Should you or your love ones suffer an unplanned cardiac event, find a good practitioner. Discuss things with him / her calmly. Discuss all the pros and cons ( of course having learned from the internet - Google.com helps for the discussion to be more meaningful ), with him. Be satisfied with the explanations, and allow him to proceed as per discussed. If you are not happy, get a second opinion. Being fearful, always distressed and unhappy, does not help. It may worsen the situation.

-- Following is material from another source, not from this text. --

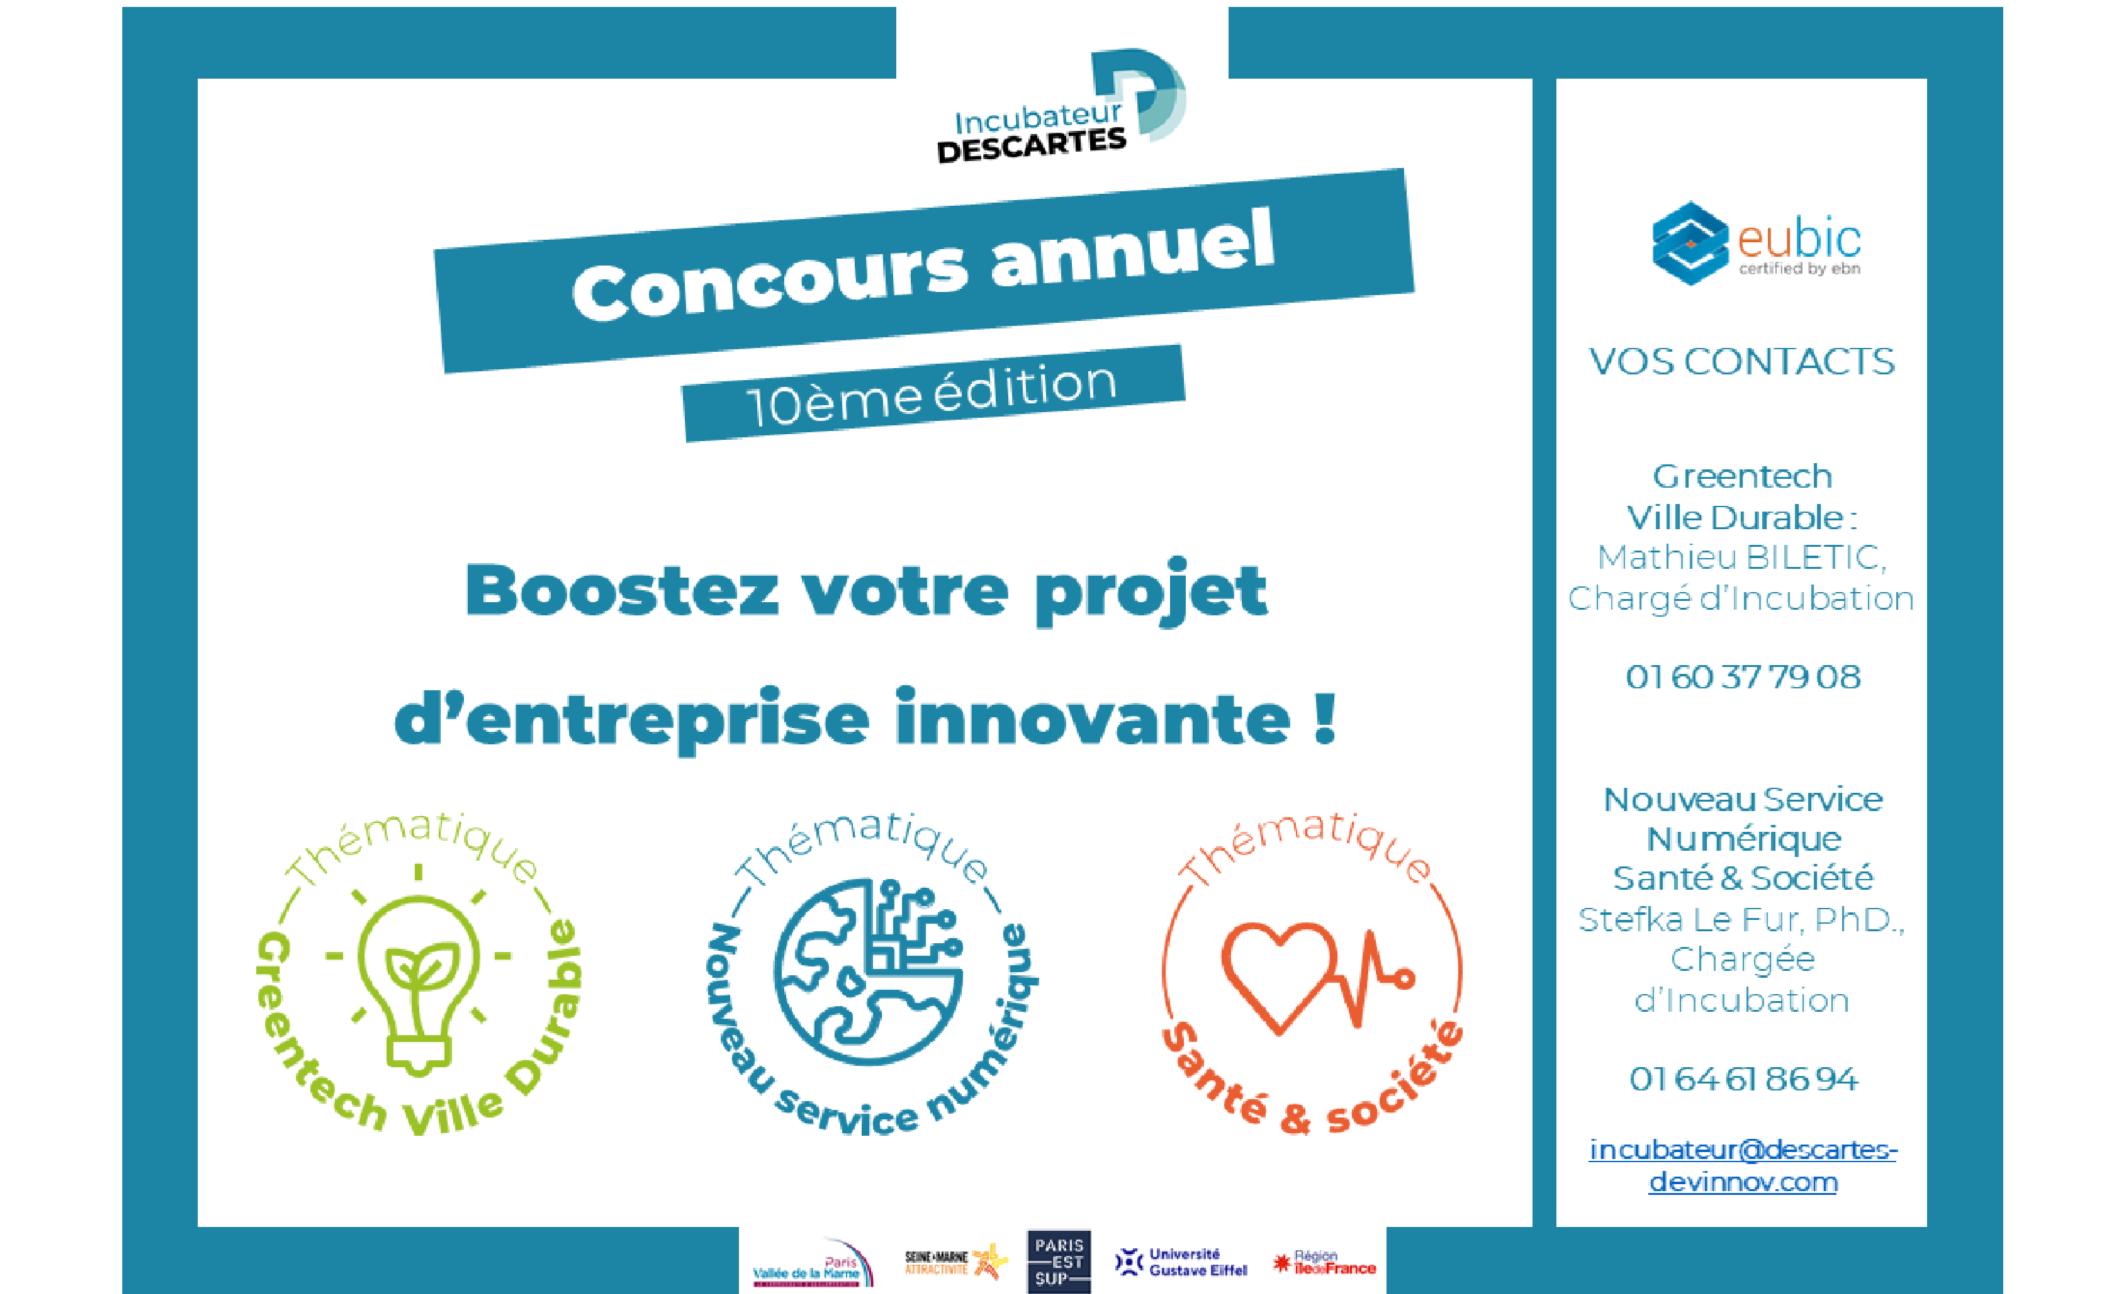 Incubateur Descartes : Lancement du concours de création d'entreprises innovantes

In a few simple words, if you have suffered a heart attack, and should you reach a tertiary heart center within 4 hours ( some stretch to 8 hours ), it is an acute emergency, an immediate angioplasty is the treatment of choice. You have to trust your cardiologist there, and trust that he will do a good job. If you survive 8 hours and only see a practitioner after 8 hours, he will probably wait and stabilise you. Going for immediate angioplasty then carries more risk, and does not confer enough benefit to justify those risks. You have plenty of time for opinions and discussion, and pre-discharge angiogram or submaximal stress ECG, would be reasonable ( assuming that your heart attack is uncomplicated. A complicated heart attack, should always merit a pre-discharge angiogram. Some centers who cannot carry out immediate angioplasty in the first 4 hours, amy just treat you medically with thrombolytic agents ( clot busters ), and aspirin, in the immediate period, and then arrange for you to be transfered to a tertiary care center, when you are recovered and stabilised. That is also acceptable treatment.

Maybe, one day, we should write on treatment standard of care for various cardiac conditions.

In the meantime, should you have an acute cardiac problem. see a medical practitioner, stay calm, do some reading and trust him, or find another. Fear is damaging to your heart.